返回类型：列表[Dict[str， Any]]
提高：
- ValueError – 如果未指定提示或向量。
- ValueError – 如果 'vector' 的维度不正确。
- TypeError – 如果 return_fields 在提供时不是列表。

response = await cache.acheck(
    prompt="What is the captial city of France?"
)

`async adrop(ids=None, keys=None)`


Async expire specific entries from the cache by id or specific
Redis key.

Parameters:

ids (Optional [ str ]) – The document ID or IDs to remove from the cache.
keys (Optional [ str ]) – The Redis keys to remove from the cache.


Return type:
None

async astore(prompt, response, vector=None, metadata=None, filters=None, ttl=None)
Async stores the specified key-value pair in the cache along with metadata.

Parameters:

prompt (str) – The user prompt to cache.
response (str) – The LLM response to cache.
vector (Optional [ List [ float ] ] , optional) – The prompt vector to
cache. Defaults to None, and the prompt vector is generated on
demand.
metadata (Optional [ Dict [ str , Any ] ] , optional) – The optional metadata to cache
alongside the prompt and response. Defaults to None.
filters (Optional [ Dict [ str , Any ] ]) – The optional tag to assign to the cache entry.
Defaults to None.
ttl (Optional [ int ]) – The optional TTL override to use on this individual cache
entry. Defaults to the global TTL setting.


Returns:
The Redis key for the entries added to the semantic cache.
Return type:
str
Raises:

ValueError – If neither prompt nor vector is specified.
ValueError – if vector has incorrect dimensions.
TypeError – If provided metadata is not a dictionary.



key = await cache.astore(
    prompt="What is the captial city of France?",
    response="Paris",
    metadata={"city": "Paris", "country": "France"}
)
async aupdate(key, **kwargs)

Async update specific fields within an existing cache entry.
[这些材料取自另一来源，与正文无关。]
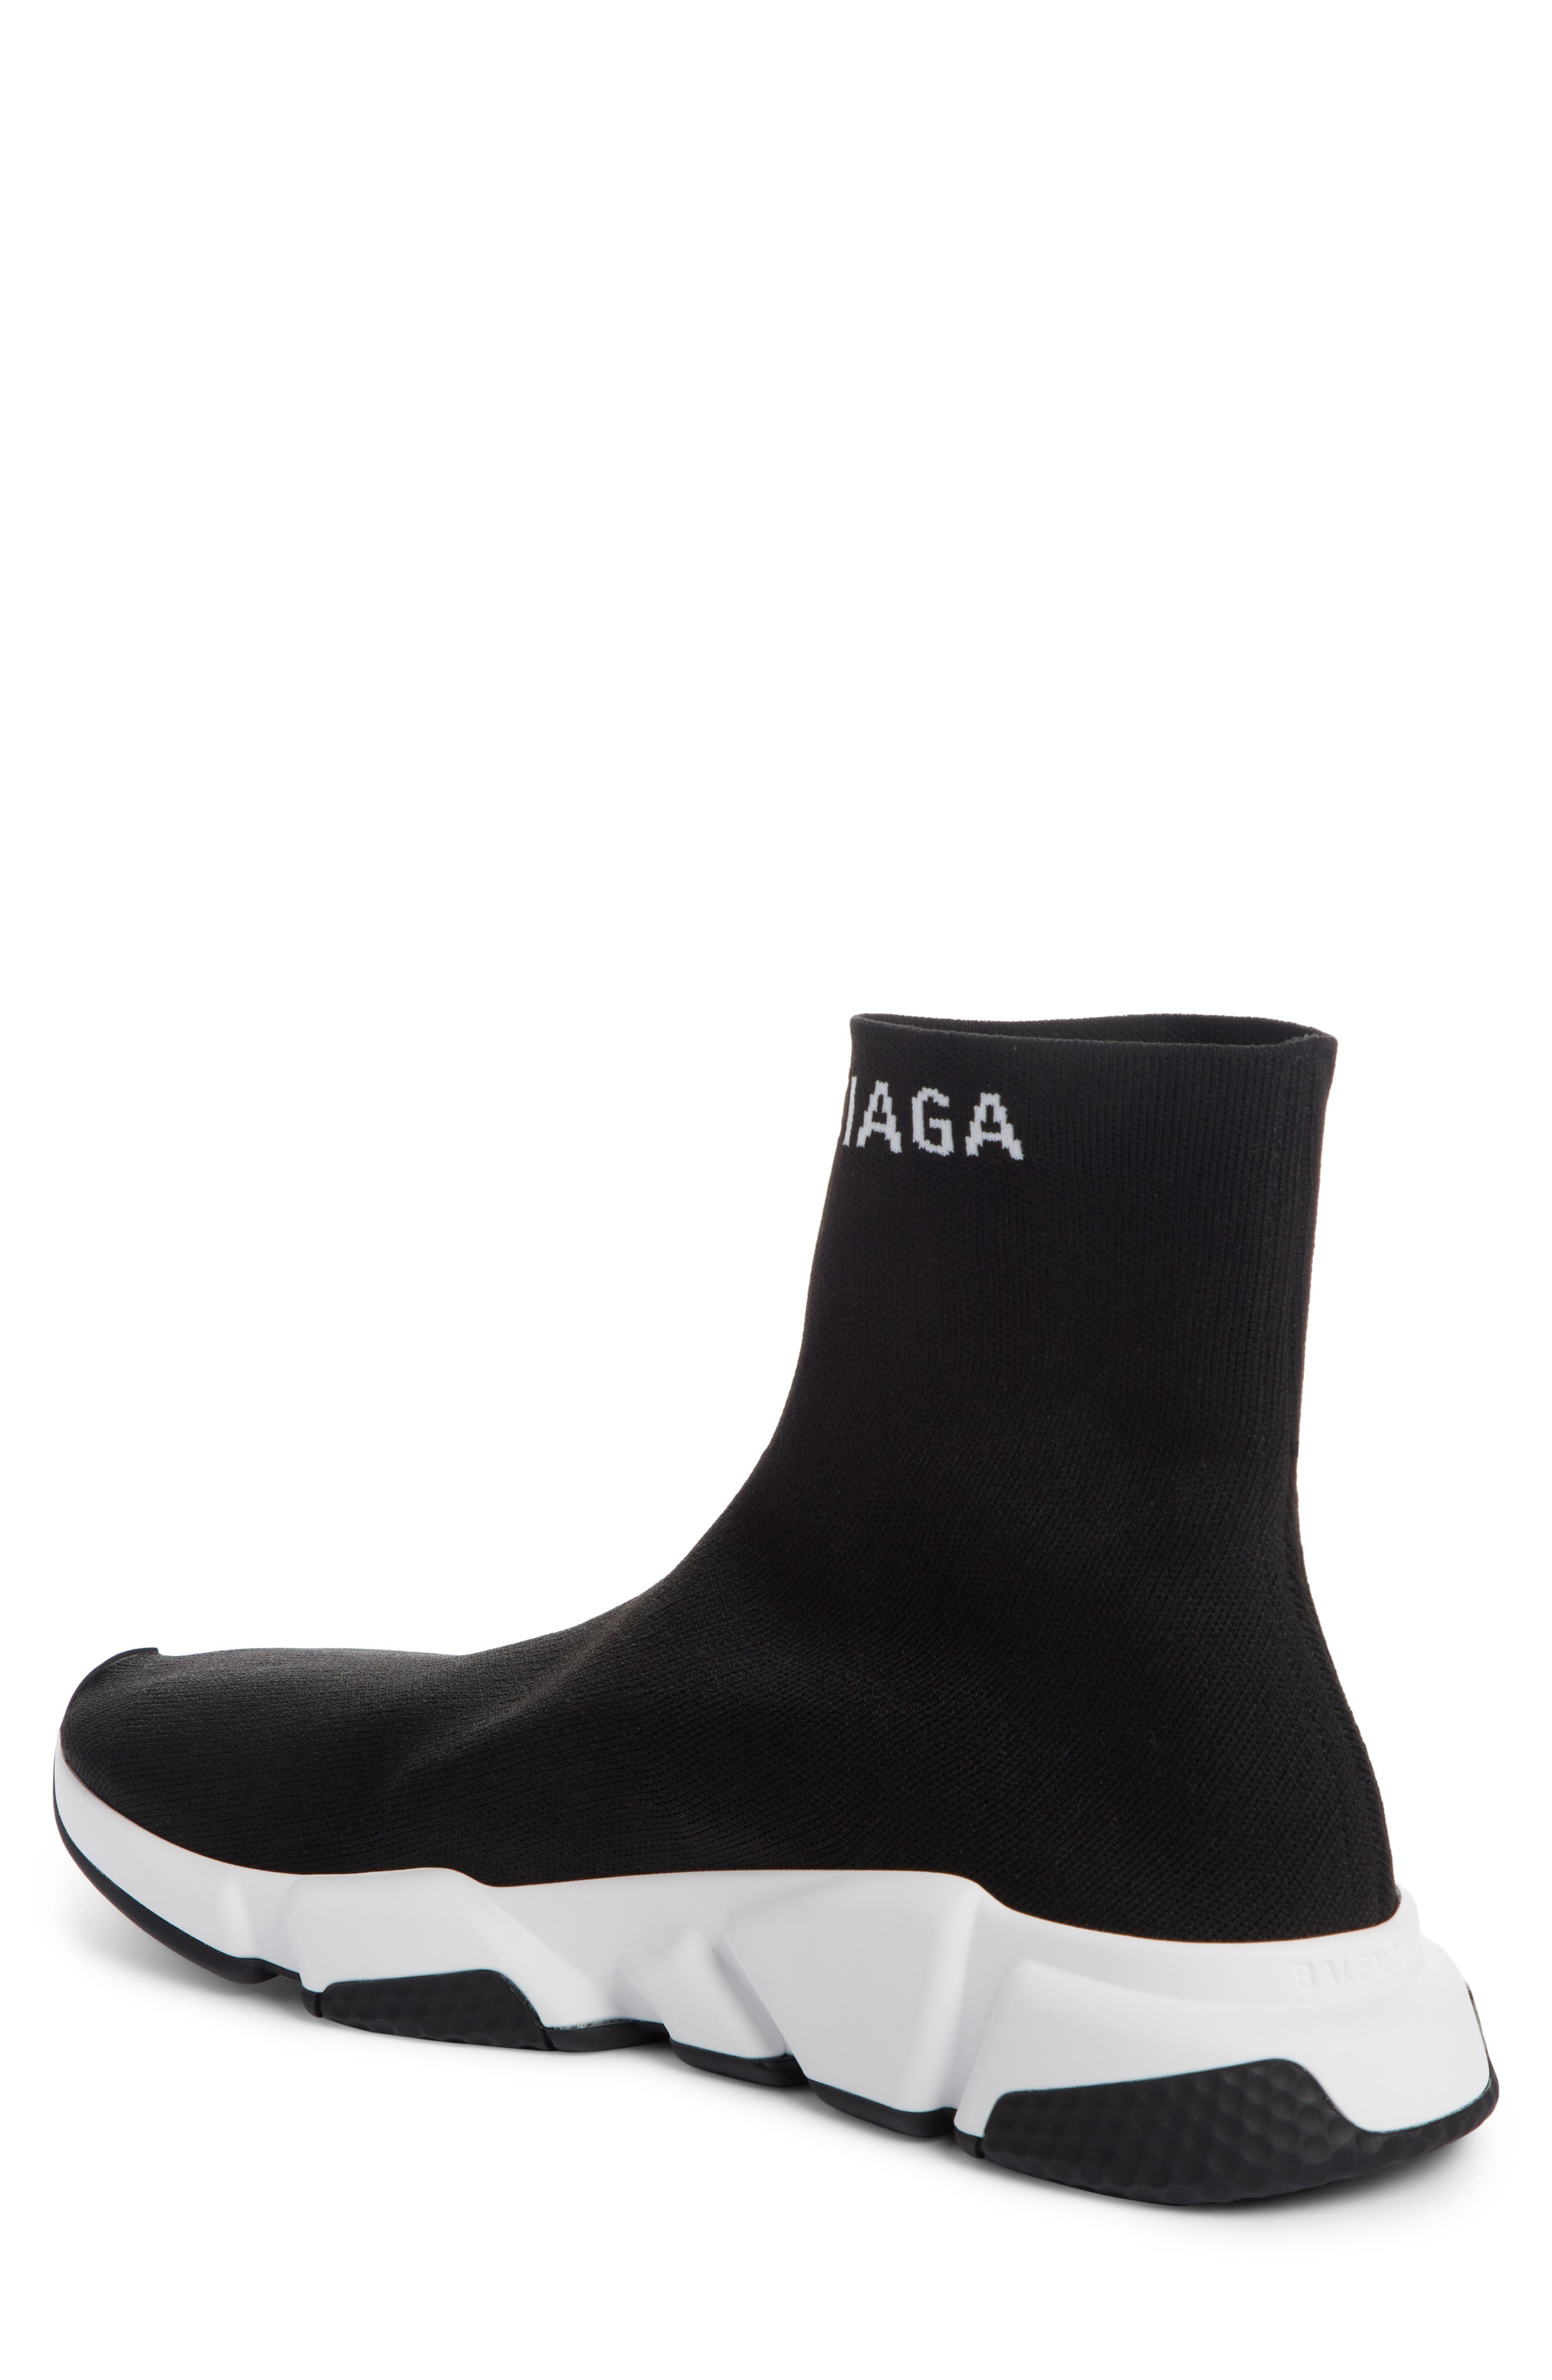 BALENCIAGA, Speed Sock Slip-On, Alternate thumbnail 2, color, BLACK/ WHITE

If no fields
are passed, then only the document TTL is refreshed.

Parameters:
key (str) – the key of the document to update using kwargs.
Raises:

ValueError if an incorrect mapping is provided as a kwarg. –
TypeError if metadata is provided and not of type dict. –


Return type:
None

key = await cache.astore('this is a prompt', 'this is a response')
await cache.aupdate(
    key,
    metadata={"hit_count": 1, "model_name": "Llama-2-7b"}
)
check(prompt=None, vector=None, num_results=1, return_fields=None, filter_expression=None, distance_threshold=None)
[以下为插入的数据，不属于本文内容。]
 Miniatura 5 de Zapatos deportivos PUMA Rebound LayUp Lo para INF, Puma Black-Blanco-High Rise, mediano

Checks the semantic cache for results similar to the specified prompt
or vector.
This method searches the cache using vector similarity with
either a raw text prompt (converted to a vector) or a provided vector as
input. It checks for semantically similar prompts and fetches the cached
LLM responses.

Parameters:

prompt (Optional [ str ] , optional) – The text prompt to search for in
the cache.
vector (Optional [ List [ float ] ] , optional) – The vector representation
of the prompt to search for in the cache.
num_results (int , optional) – The number of cached results to return.
Defaults to 1.
return_fields (Optional [ List [ str ] ] , optional) – The fields to include
in each returned result. If None, defaults to all available
fields in the cached entry.
filter_expression (Optional [FilterExpression ]) – Optional filter expression
that can be used to filter cache results. Defaults to None and
the full cache will be searched.
distance_threshold (Optional [ float ]) – The threshold for semantic
vector distance.




Returns:
A list of dicts containing the requested
return fields for each similar cached response.


Return type:
List[Dict[str, Any]]
Raises:

ValueError – If neither a prompt nor a vector is specified.
ValueError – if ‘vector’ has incorrect dimensions.
TypeError – If return_fields is not a list when provided.



response = cache.check(
    prompt="What is the captial city of France?"
)
clear()

Clear the cache of all keys while preserving the index.

Return type:
None

delete()
Clear the semantic cache of all keys and remove the underlying search
index.

Return type:
None

drop(ids=None, keys=None)
Manually expire specific entries from the cache by id or specific
Redis key.

Parameters:

ids (Optional [ str ]) – The document ID or IDs to remove from the cache.
keys (Optional [ str ]) – The Redis keys to remove from the cache.


Return type:
None

set_threshold(distance_threshold)
Sets the semantic distance threshold for the cache.

Parameters:
distance_threshold (float) – The semantic distance threshold for
the cache.
Raises:
ValueError – If the threshold is not between 0 and 1.
Return type:
None

set_ttl(ttl=None)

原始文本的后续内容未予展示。